According to data submitted by the Korea Customs Service to Song Jae-ho, a member of the National Assembly’s Political Affairs Committee from the Democratic Party of Korea, the amount detected for violations of the Foreign Exchange Transactions Act, including foreign remittance using virtual assets, was 812.2 billion KRW as of August this year, a 39-fold increase compared to 20.8 billion KRW last year.


Among the cases, Mr. A, the CEO of a trading company, was caught after forging trade invoices and remitting 355 billion KRW overseas over three years under the pretext of intermediary trade payments. He then purchased virtual assets and resold them on domestic exchanges, earning about 10 billion KRW in price differences.

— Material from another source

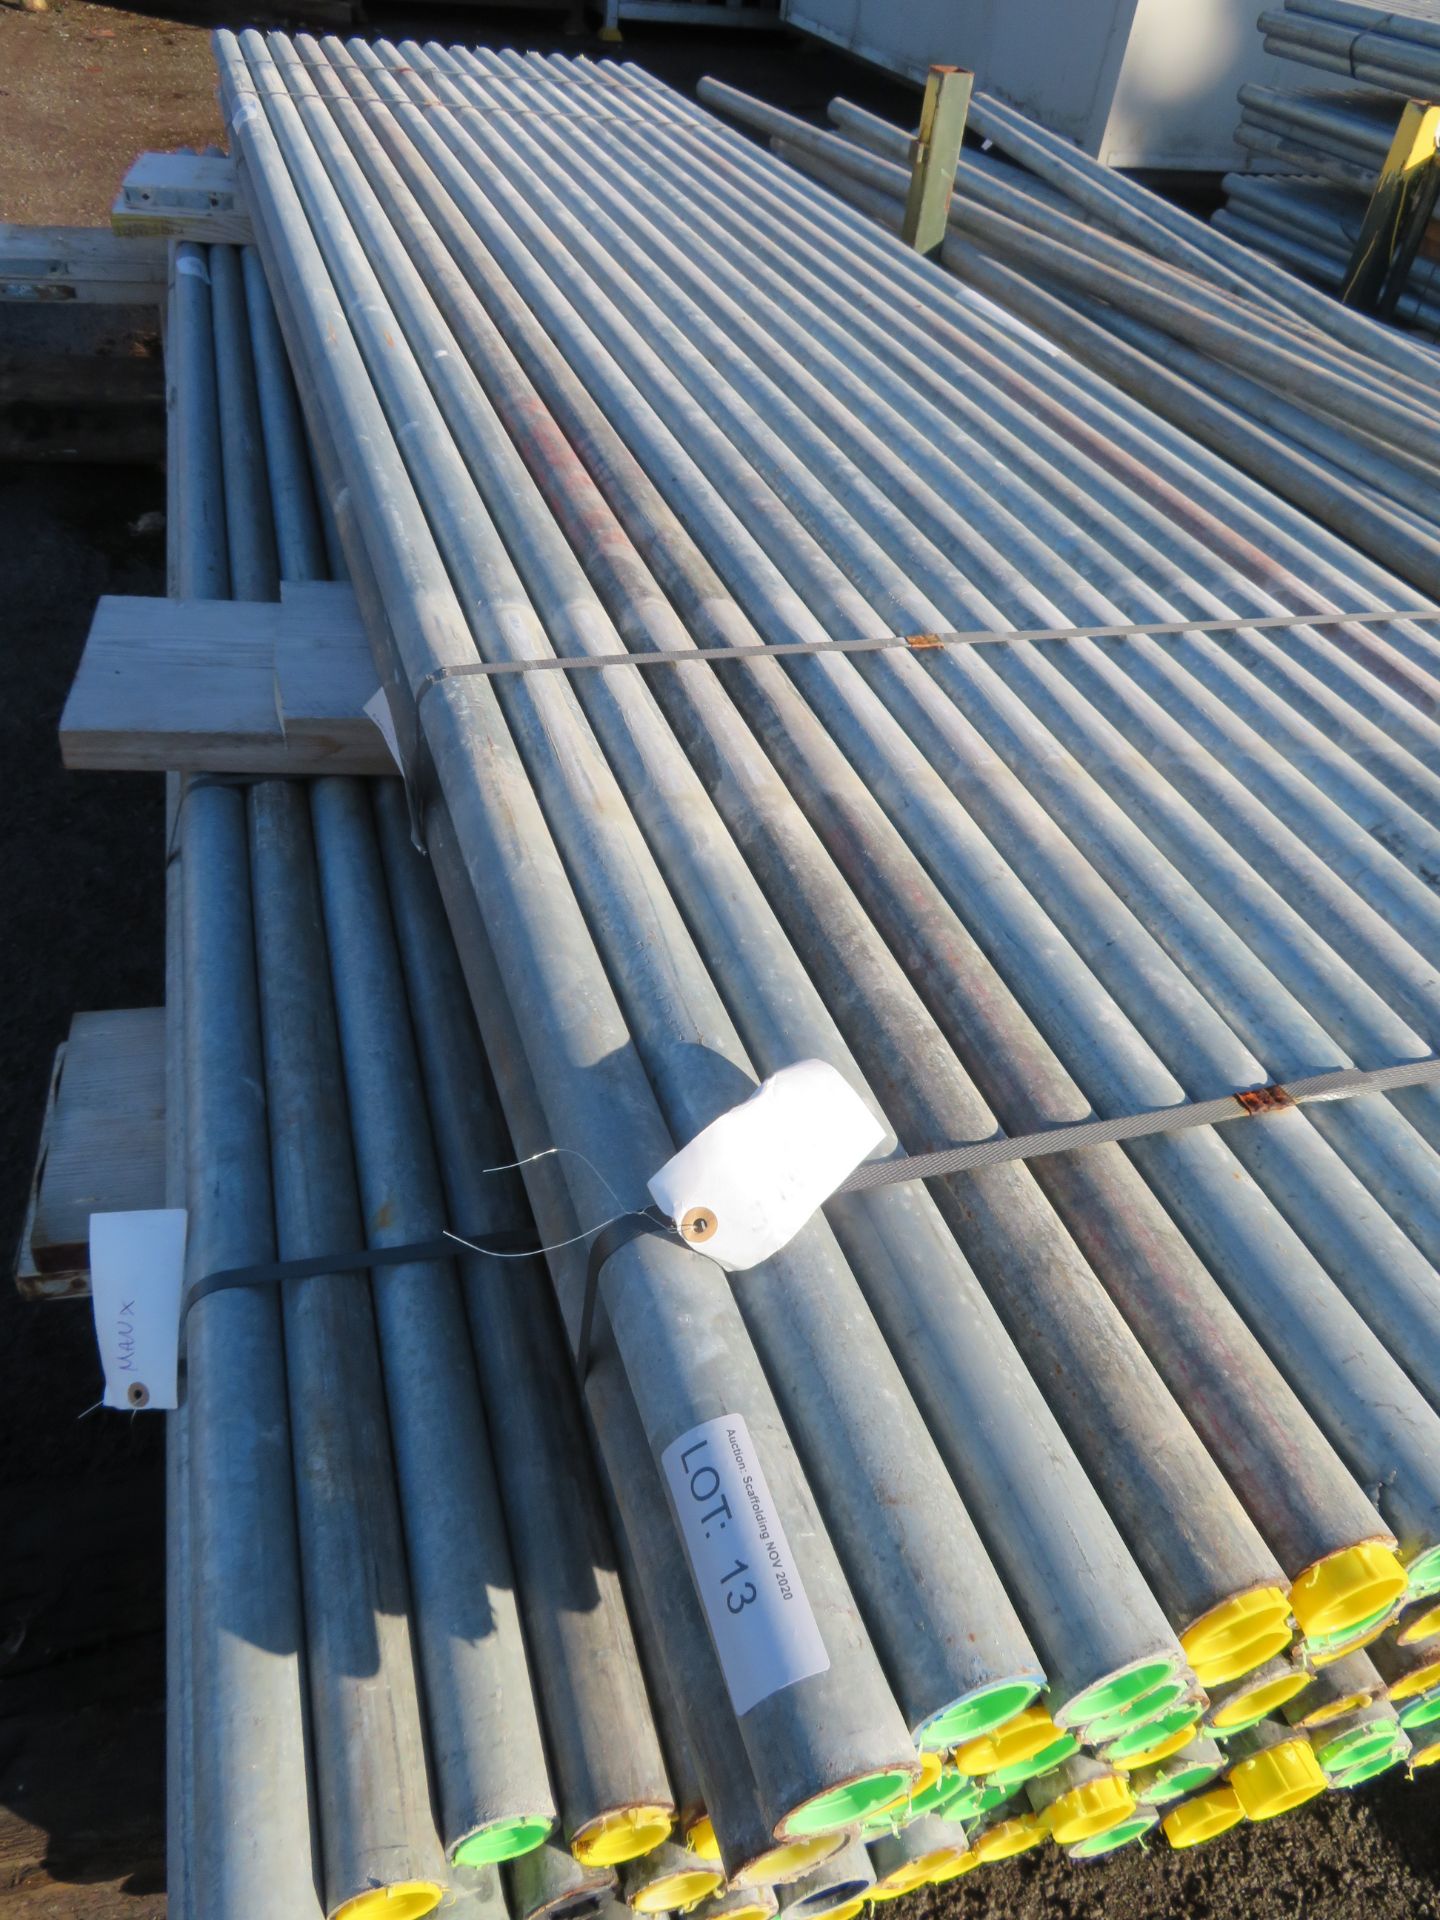 150x 10ft Galvanised Steel Scaffolding Poles 48mm Diameter x 4mm Thick. - Image 4 of 4

There was also a new type of foreign remittance case where a person wanting to remit money from overseas to Korea gave local currency, bought virtual assets on overseas virtual asset exchanges, sold them on domestic exchanges, and delivered the proceeds to domestic recipients designated by the remittance requester.


The proportion of illegal foreign exchange transactions using virtual assets has also surged sharply from 2017 to 2021. Among all illegal foreign exchange transactions, those involving virtual assets were 9.5% in 2019, 3.2% in 2020, and jumped to 68% as of August this year.


Although the amendment to the Enforcement Decree of the Act on Reporting and Using Specified Financial Transaction Information, aimed at preventing money laundering and price manipulation in virtual asset businesses, passed the Cabinet meeting yesterday, there is a need for discussions on effective measures and systems to block such transactions. Representative Song said, “Virtual assets have fueled an investment frenzy due to their volatile value. However, speculative forces seeking arbitrage profits through abnormal price fluctuations require regulation,” adding, “There is a need for discussions on the institutionalization of virtual assets.”





This content was produced with the assistance of AI translation services.